Italy tipped to bring down euro

The embattled euro may not survive much longer, with one economist predicting Italy will be the country to bring the single currency toppling down.

Australian economist Bill Mitchell says Italy will likely be the nation to bring down the euro ahead of a string of elections this year, if populist Five Star Movement (FSM) comes to power.

“It’ll only take one big political shift and I guess everyone’s banking now on Italy because [FSM leader] Beppe Grillo looks like he’s got a much better chance than Marine Le Pen in France,” Mr Mitchell told nestegg.com.au.

“I don’t think the French will leave, I think it’ll be the Italians.”

The prediction comes in the wake of former Italian Prime Minister Matteo Renzi’s decision to step down in December, following an unsuccessful referendum to renegotiate government powers.

Meanwhile, the world’s oldest bank, Monte dei Paschi di siena’s appeal to the Italian government for a bailout just weeks ago at the expense of Italian investors is likely to encourage support for FSM, already riding a wave of populism.
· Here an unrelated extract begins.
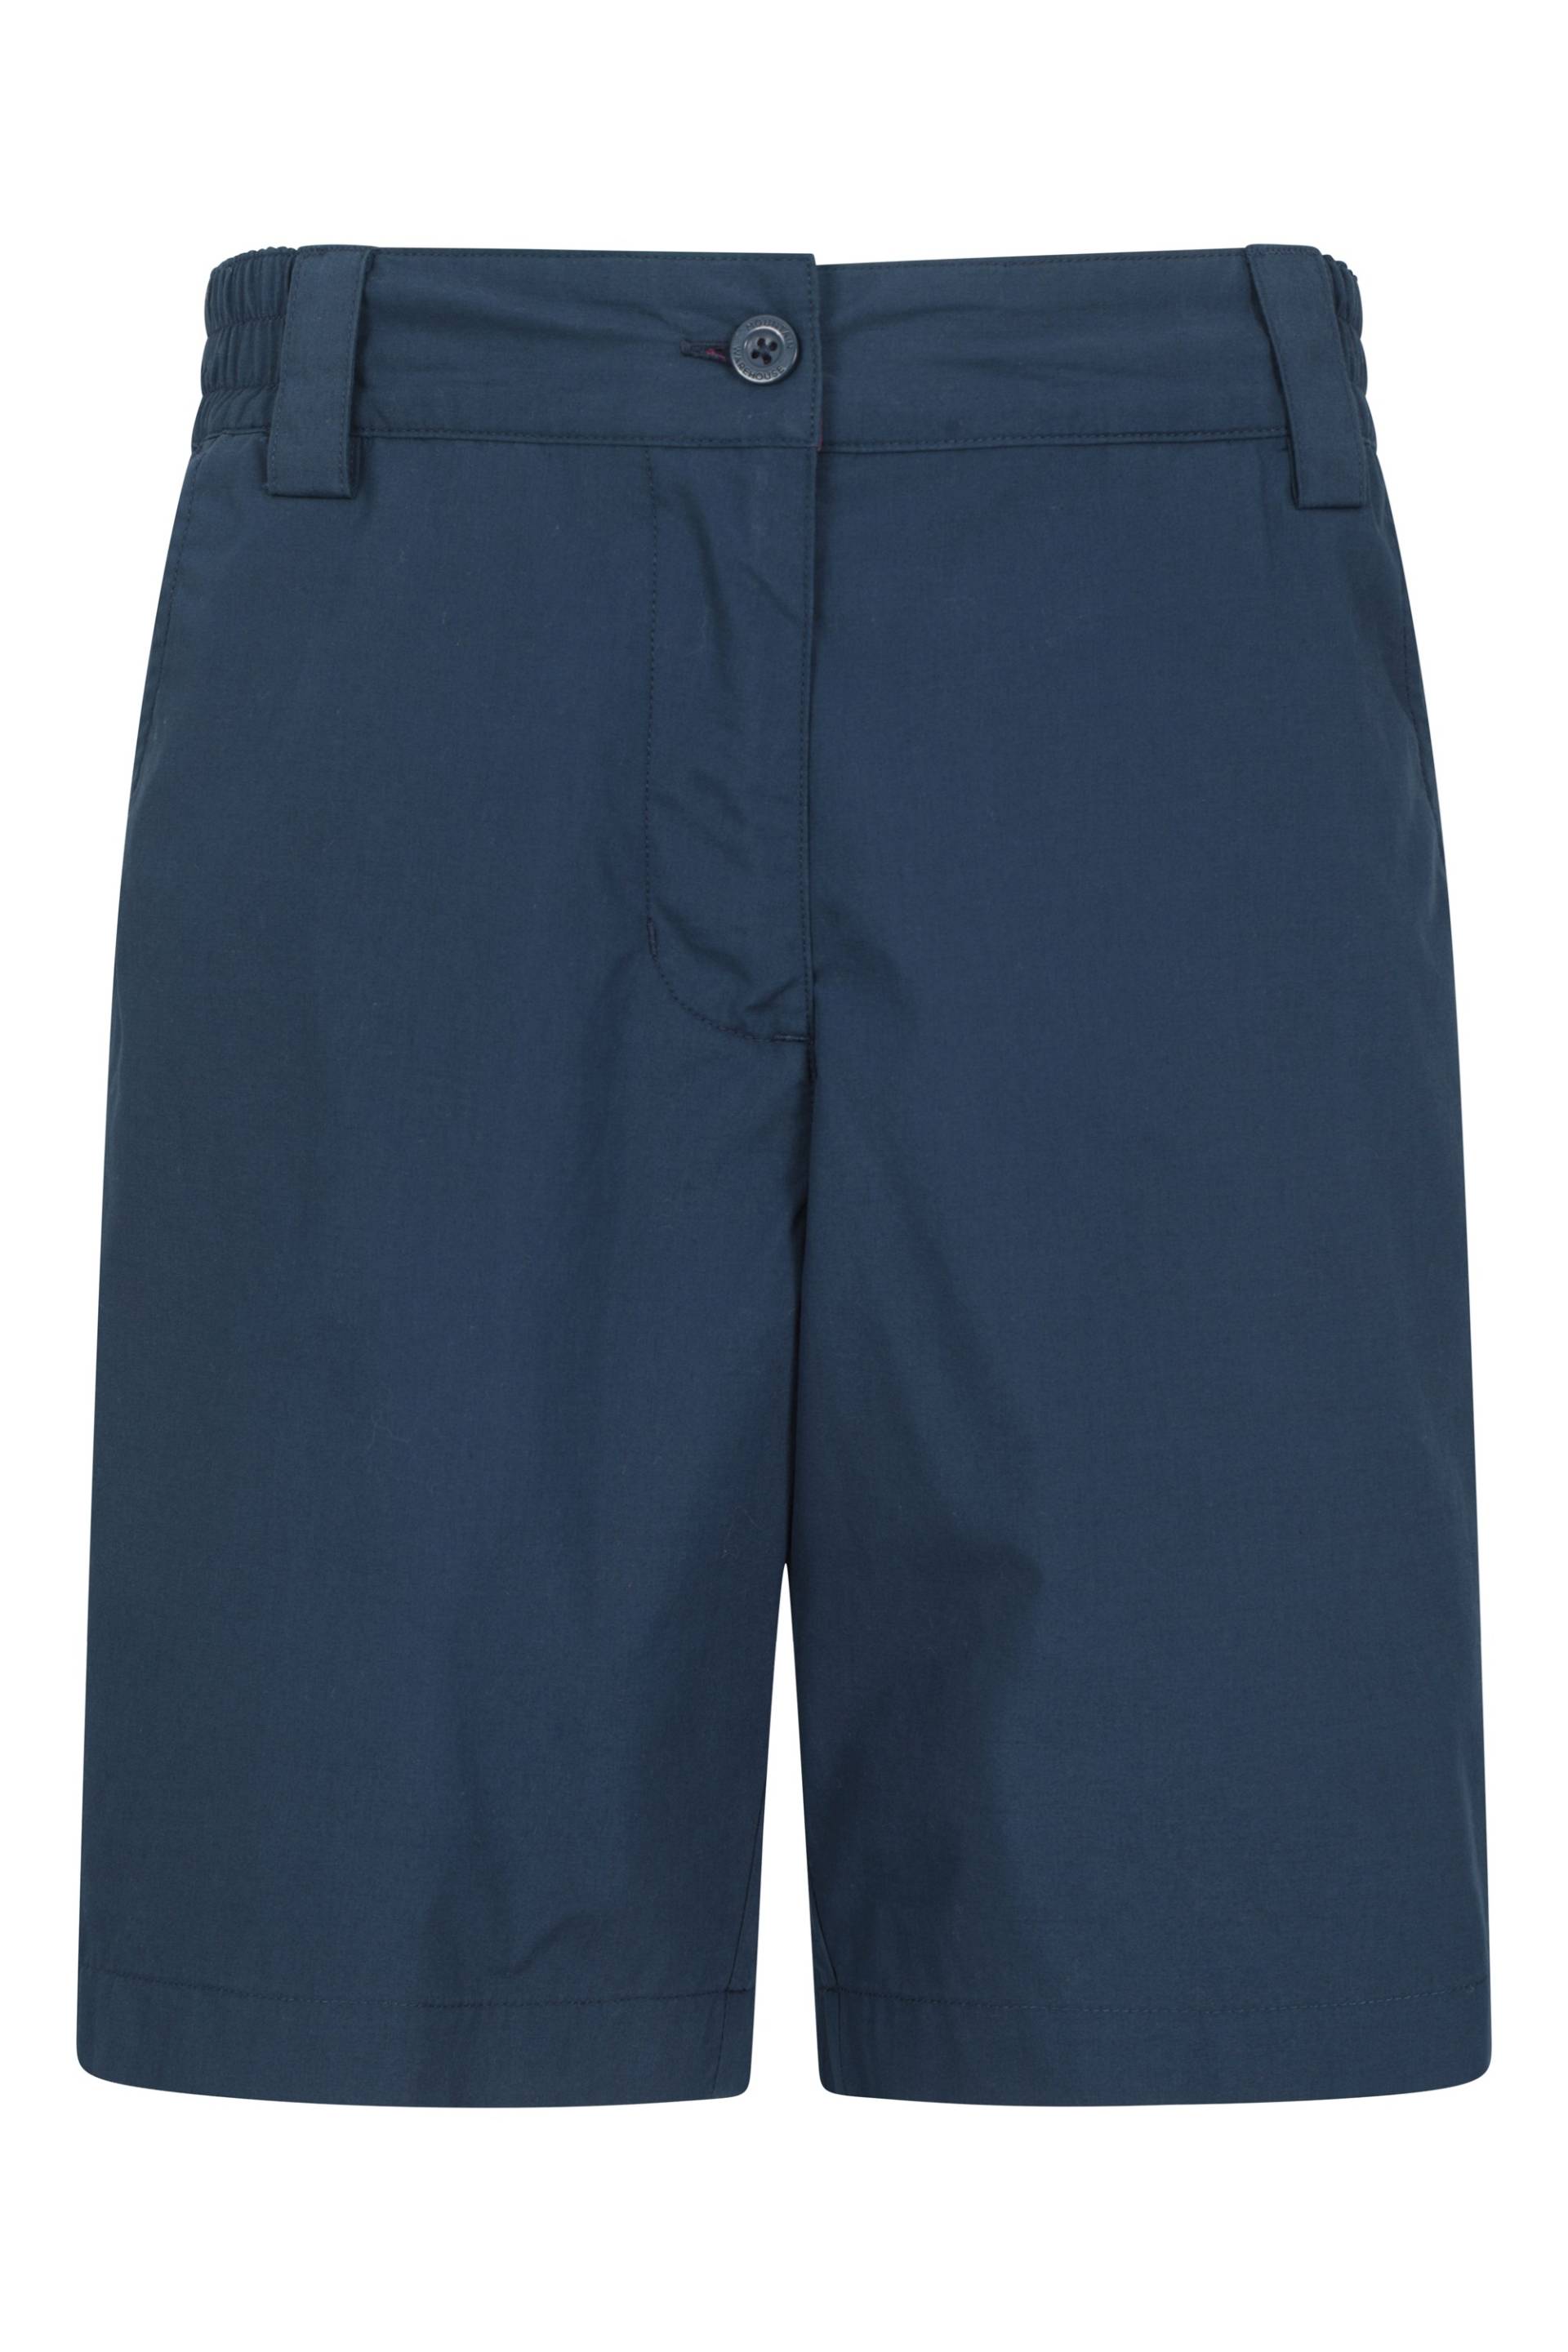 Quest Damen-Shorts - Marineblau von Mountain Warehouse

“I think the political resonances around Europe are moving in that direction [and while] I don’t think Marine Le Pen can win the presidency, she’ll rock the boat severely. There’ll be a major shift in the Italian elections, the Spanish electoral system can barely deliver a government and Greece is headed for even more instability in the next month,” Mr Mitchell said.

“In the long run, it’ll become apparent that someone will leave or get kicked out of the union,” he added.

“Economically, it’s dead in the water. It can’t possibly deliver long-term prosperity and the damage that it is causing and the intergenerational costs it’s creating are going to be massive.”

However, it remains to be seen where Europeans will draw the line.

“While I think that the majority of Italians still want the euro, they’re living in a dream world. They want the euro but they also don’t want austerity and they can’t have both under the way the union is constructed,” Mr Mitchell said.

“Their banking system is insolvent. It’s being propped up at the moment, but how long the ECB allows the banking system to remain intact is a good question. I suspect they will keep propping it up for now simply because if the Italian banks collapse, it’ll be chaos.”